Extensions are typically developed by third parties, not browser developers, and have varying degrees of longevity. While extensions in the official directories listed above are vetted to some degree, there have been instances of malicious code exposing users to further harm rather than protecting them. It is always worth researching an extension before using it in the field, especially when the stakes are as high as they can be in matters of privacy. Reading reviews, including the brief ones in Mozilla's Add-ons or the Chrome Web Store, can alert you to potential issues that other users have encountered. Noting the number of downloads and currency of updates is an indicator of how likely the extension is to be maintained into the future. Lastly, testing the extension in a safe environment can help verify that it indeed does what it asserts to do. For instance, one can install HTTPS-Everywhere on a test workstation, then visit several high-profile websites where a user would want their traffic to be encrypted, e.g., Amazon, Gmail, Google Search, Facebook, and Yahoo! Mail. Does the URL begin with “https”? If not, then the extension is not living up to its claims.

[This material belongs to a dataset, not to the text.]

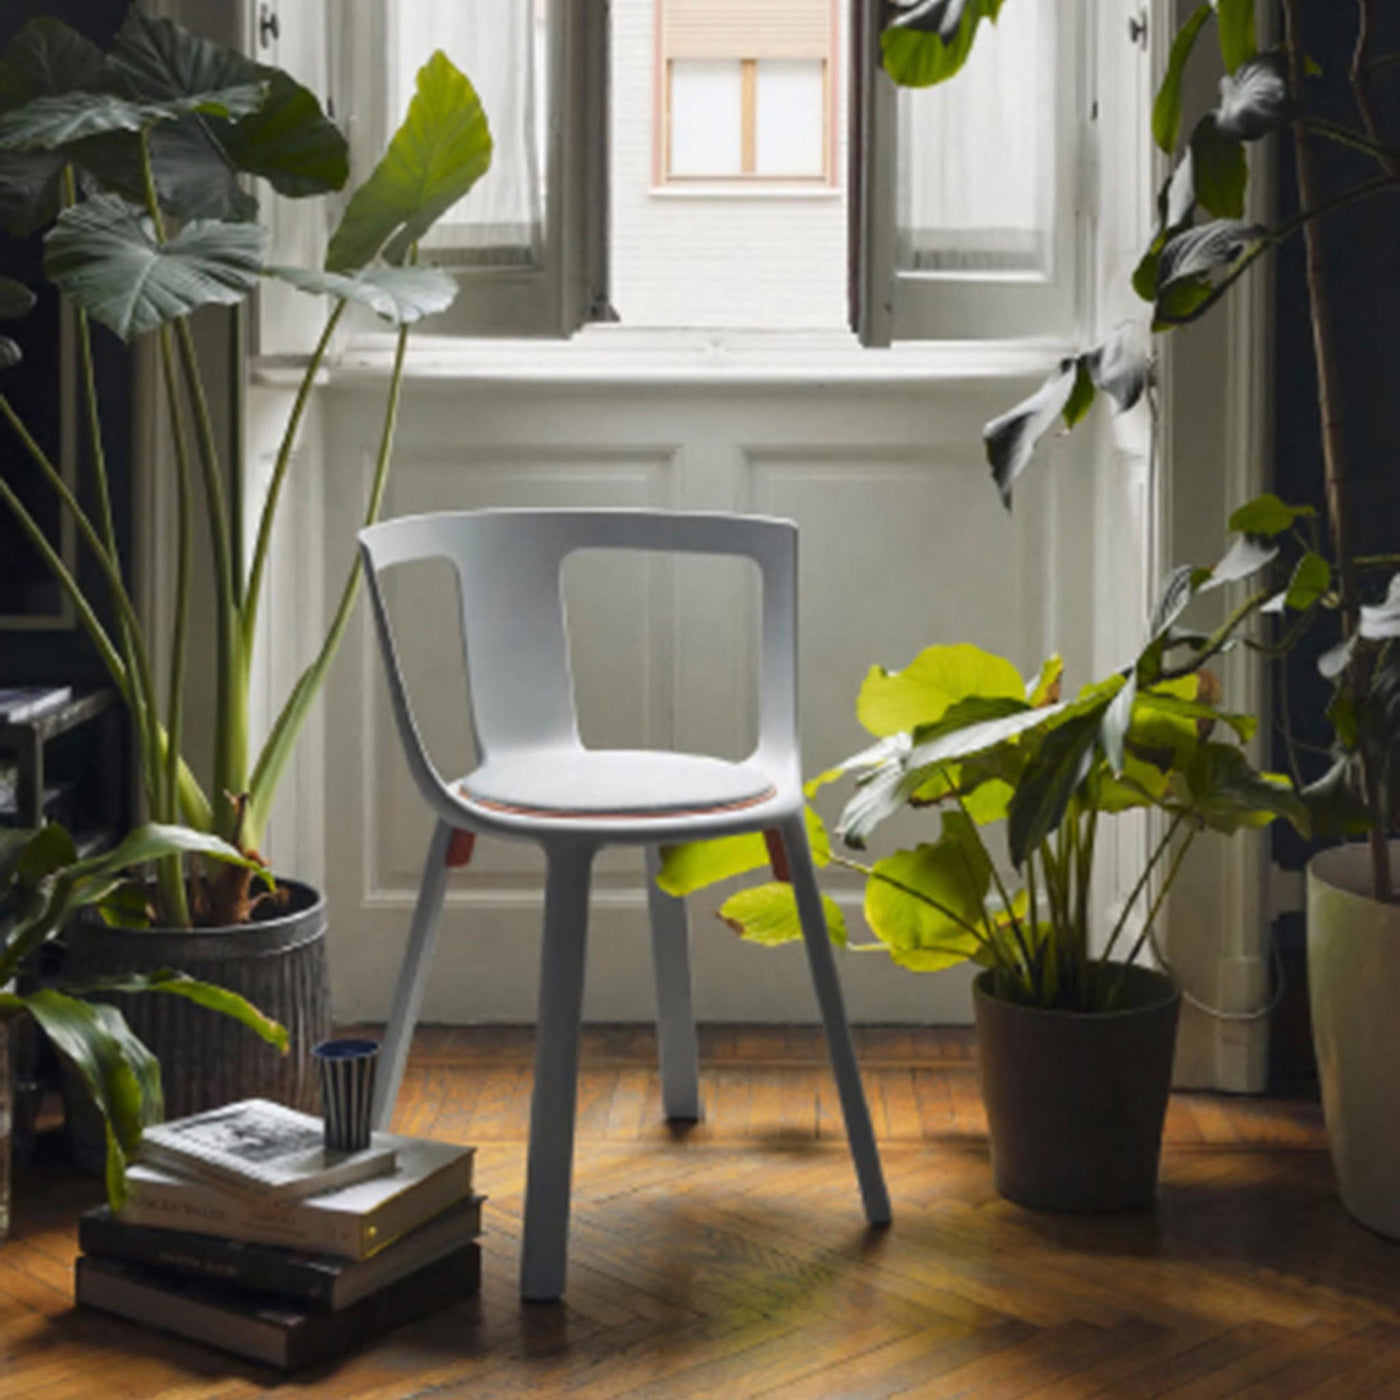 La chaise FLA de TOOU, avec ses ailettes orange vif, incarne l'union parfaite entre esthétique et fonctionnalité, offrant une solution d'empilement élégante et pratique.

Since extensions can significantly alter the browsing experience, it is worth contemplating how users will react and even performing usability tests before employing too many on public workstations. Updates also can break extensions and disorient the user upon opening the browser, as in figure 2. Some of the best extensions will be nearly seamless, such as AdBlock, where it is often not evident that content is being hidden, but others will be extremely disruptive, as when NoScript breaks the shopping cart application of an online vendor. Even Web of Trust may confuse patrons who do not know what the green circles signify. Then there are also extensions which work, but only to a limited degree. BlackSheep (https://www.zscaler.com/blacksheep.html), for instance, is meant to detect whether anyone on the same connection is using FireSheep. However, mere detection is not preventive and thus there are far more appealing alternatives.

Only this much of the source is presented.